Description
This festive gingerbread cold brew latte comes together quickly thanks to a super flavorful homemade gingerbread simple syrup! The vegan and gluten free syrup is flavored with molasses, cinnamon, ginger, and cloves. After a quick simmer, it’s ready to be mixed with cold brew coffee and your favorite milk.
Ingredients
- 1 cup water
- 3/4 cup light brown sugar, packed
- 2 tablespoons unsulphured molasses
- 1 teaspoon ground ginger
- 2 teaspoons ground cinnamon
- 1/2 teaspoon ground cloves
- 1 pinch black pepper
- 1 teaspoon vanilla bean paste
- 1-2 tablespoons gingerbread syrup
- 1/2 cup cold brew concentrate
- 1/2 cup oat milk, or your favorite milk
- ice
Instructions
Make the syrup first: add everything except for the vanilla bean paste to a small pot or pan. Whisk to mix then set the pot over medium heat. Bring the syrup to a simmer, stirring regularly to encourage the brown sugar to dissolve. Simmer the syrup for 5 minutes then remove it from the heat and mix in the vanilla bean paste.

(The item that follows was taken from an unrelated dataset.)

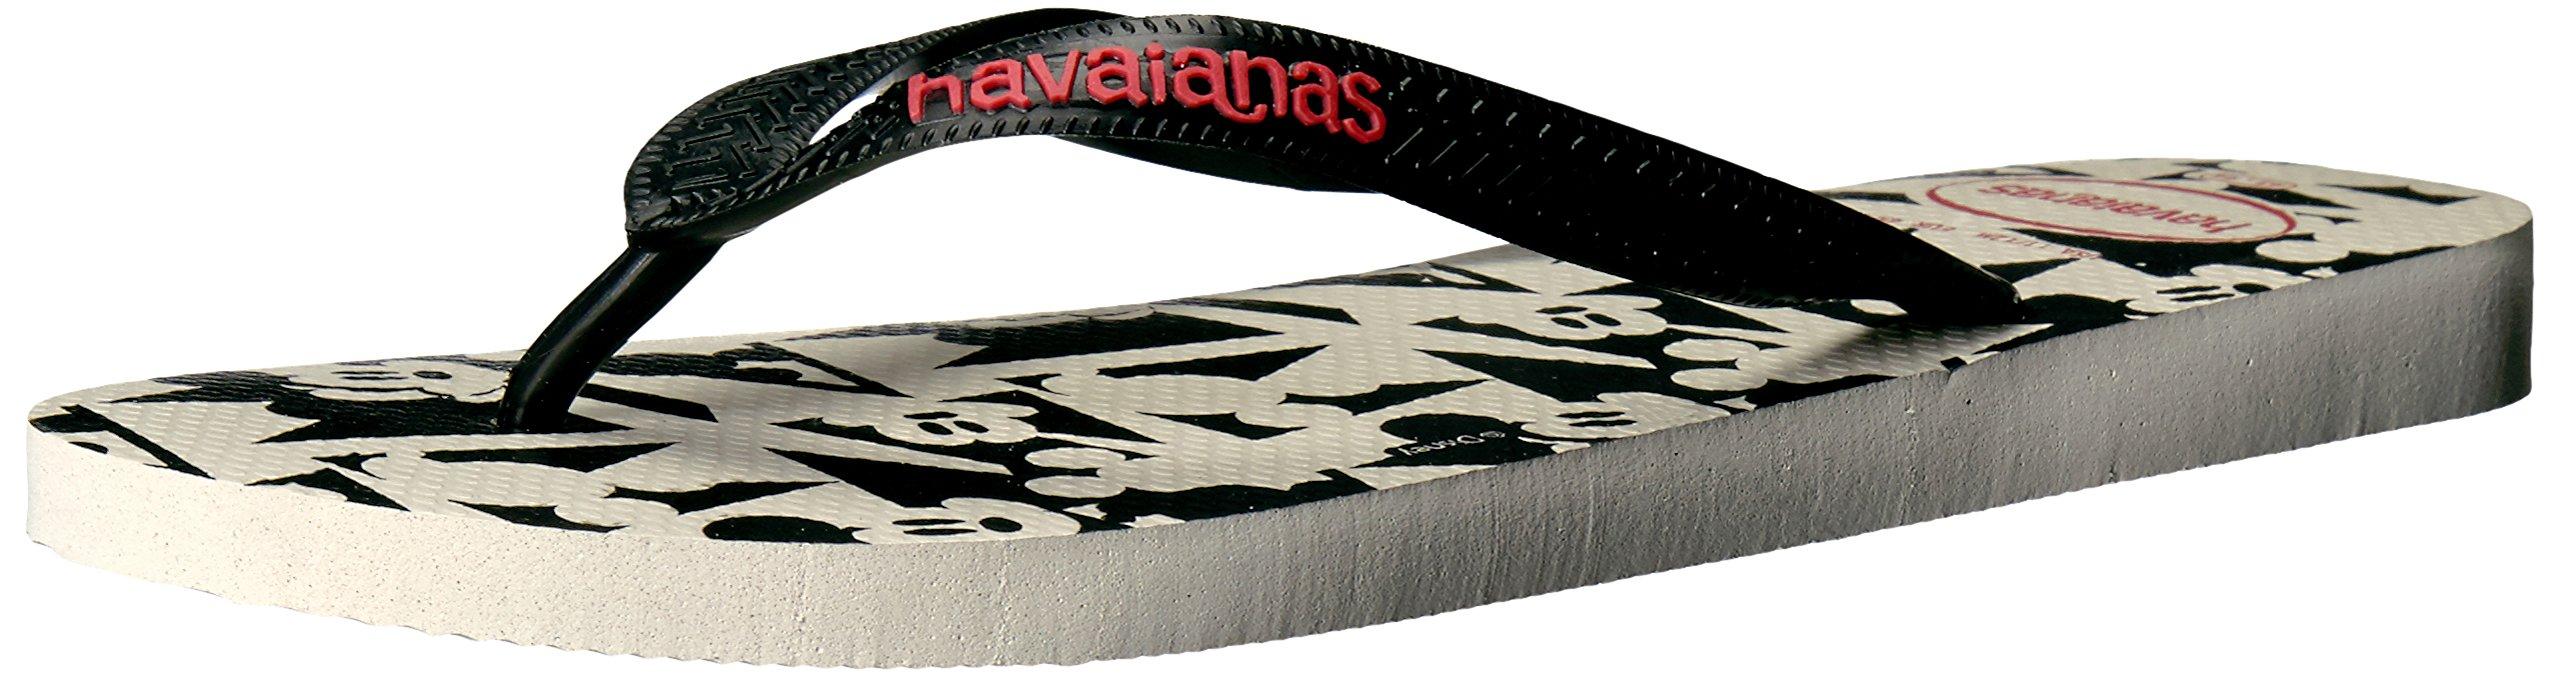 dc4704ea1 Galleon - Havaianas Men s Flip Flop Sandals

Allow the syrup to cool for 30 minutes then transfer it to a bottle or jar and refrigerate. Use within 2 weeks.
To make a latte, shake the syrup well then add it to a glass followed by the cold brew and the milk. Stir well then add the ice and enjoy!
Notes
- Make sure to shake the syrup well before using it! This will help redistribute the spices as they have a tendency to settle to the bottom.

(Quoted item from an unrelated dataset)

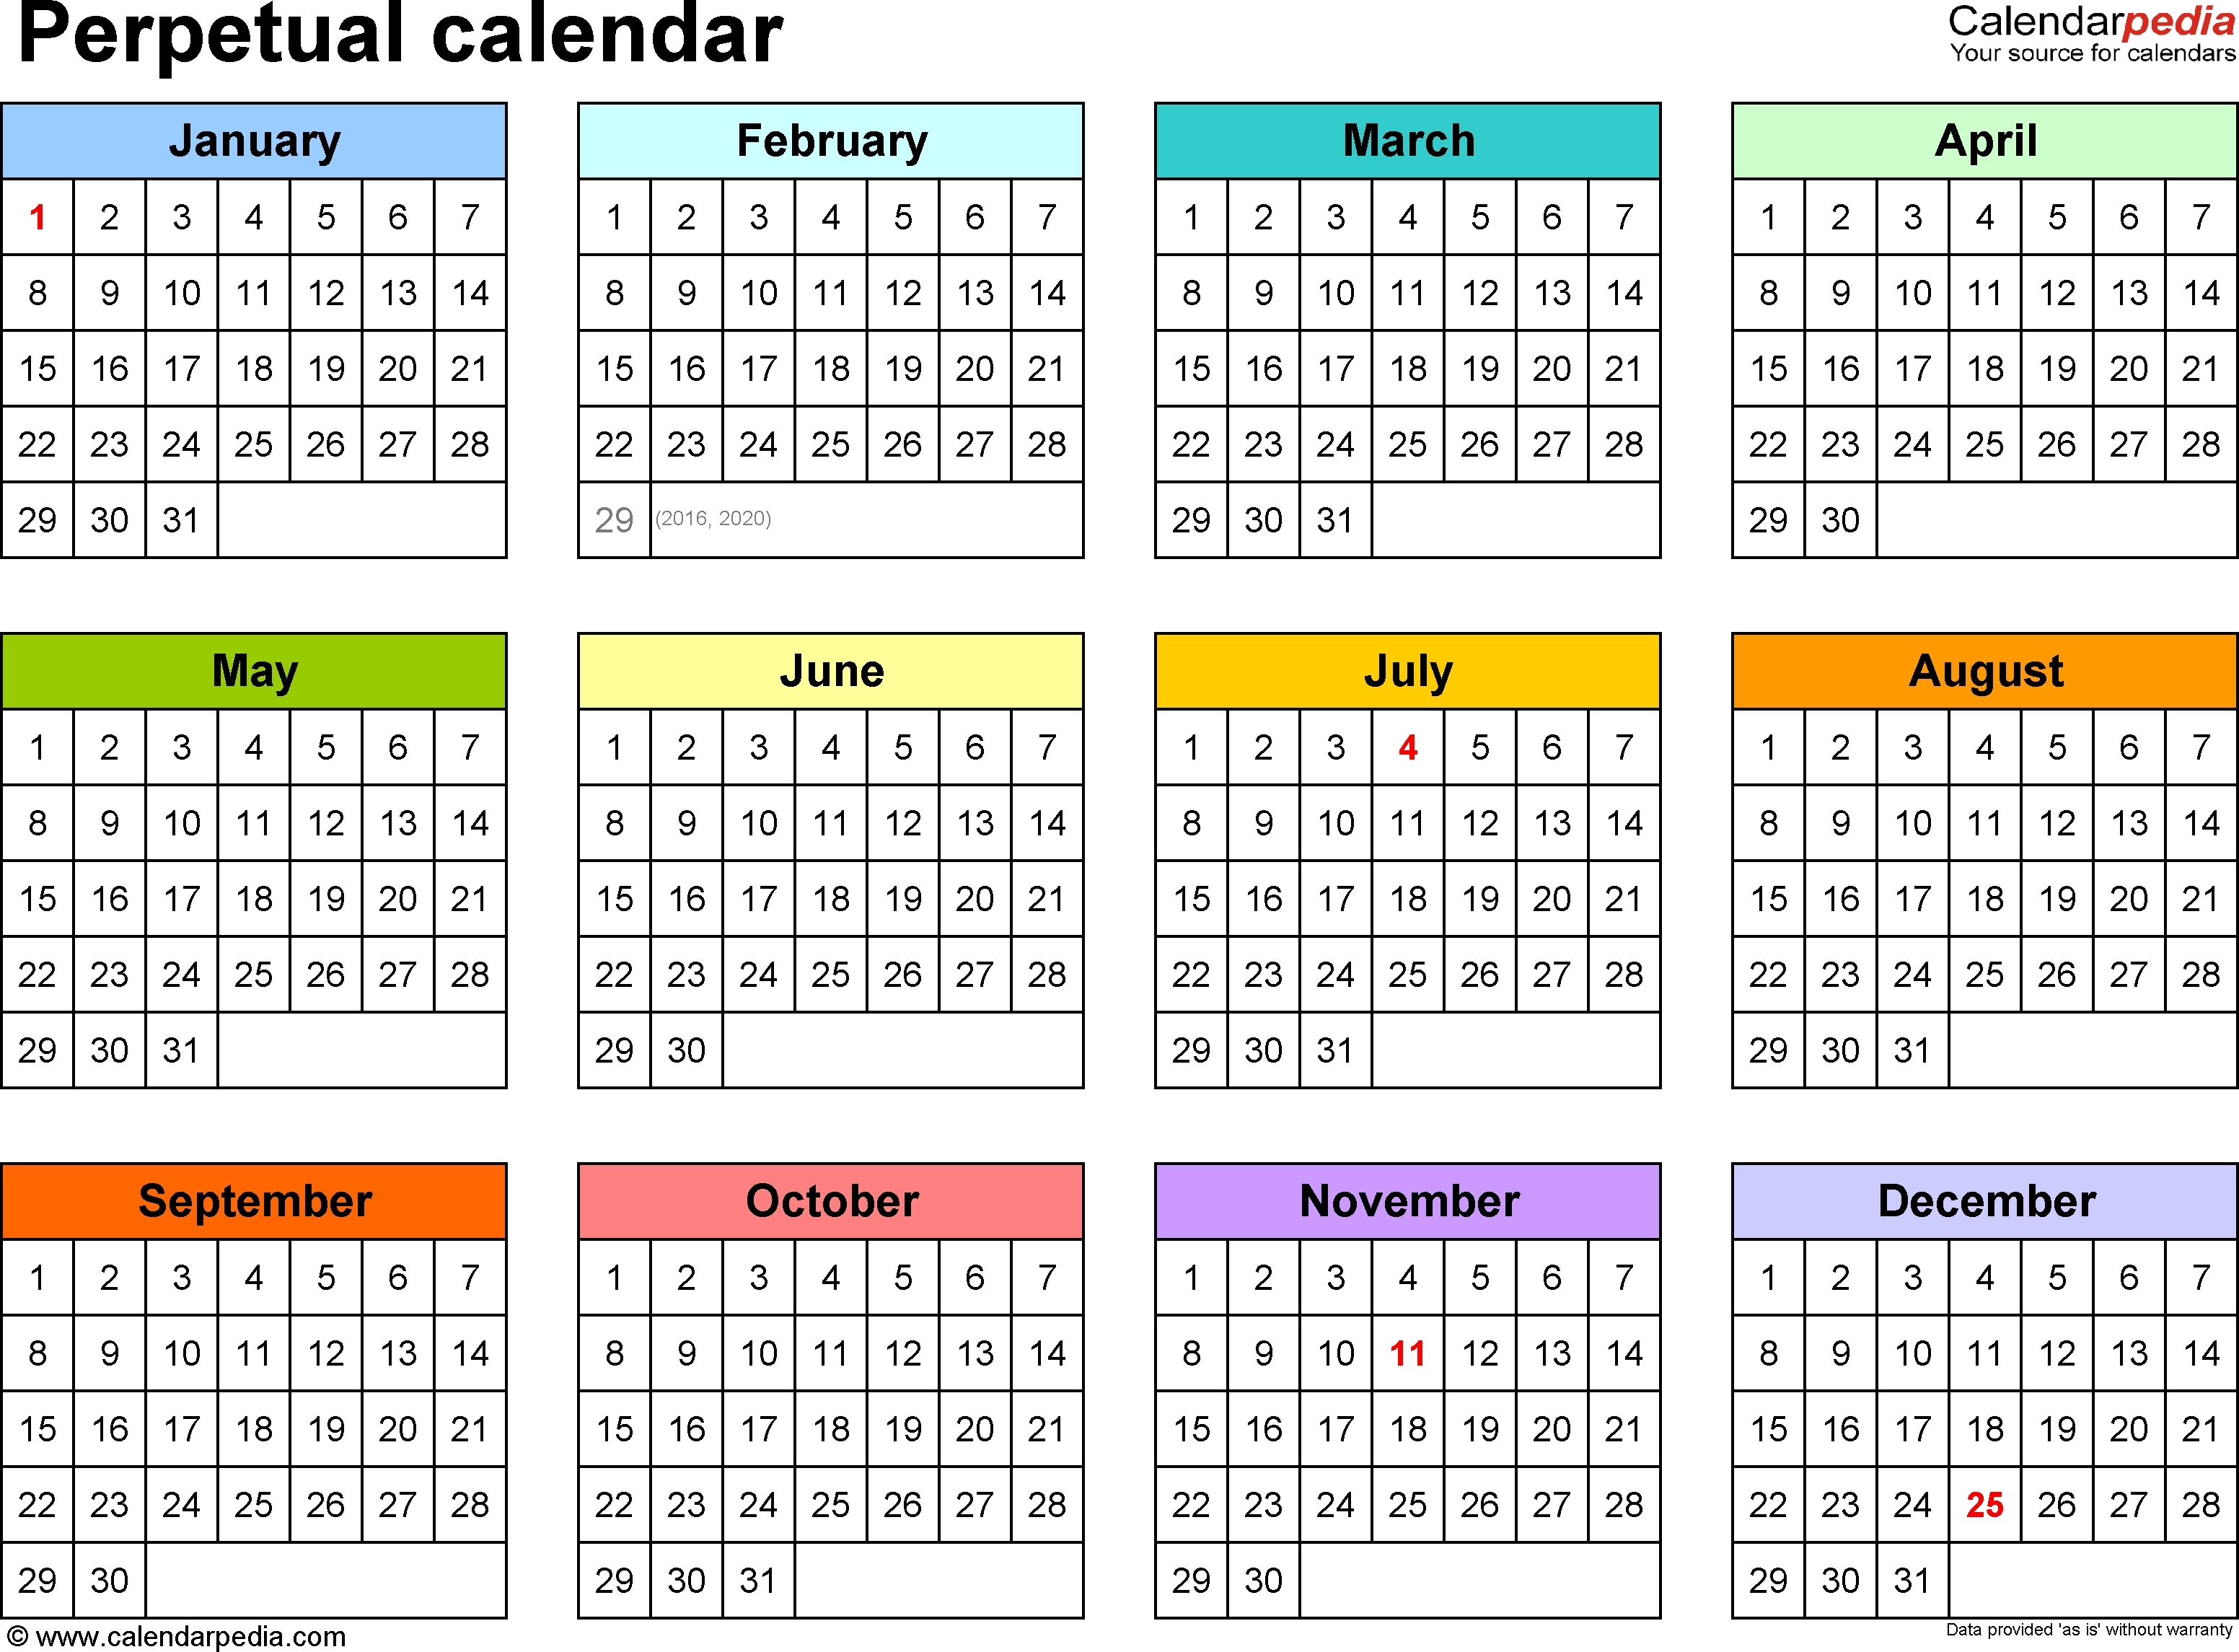 Calendar Printing Online Free | Calendar Design Ideas_Calendar Printing Online Free

- If you love the flavor of molasses, feel free to use 3 tablespoons instead of 2.
- You can use fresh ginger root for a more potent ginger flavor. Use 1 tablespoon of ginger root that has been grated on a microplane. After the syrup has simmered, strain it through a fine mesh sieve before bottling it.
- Depending on how much syrup you use per drink, the recipe will make enough syrup for about 6-10 drinks.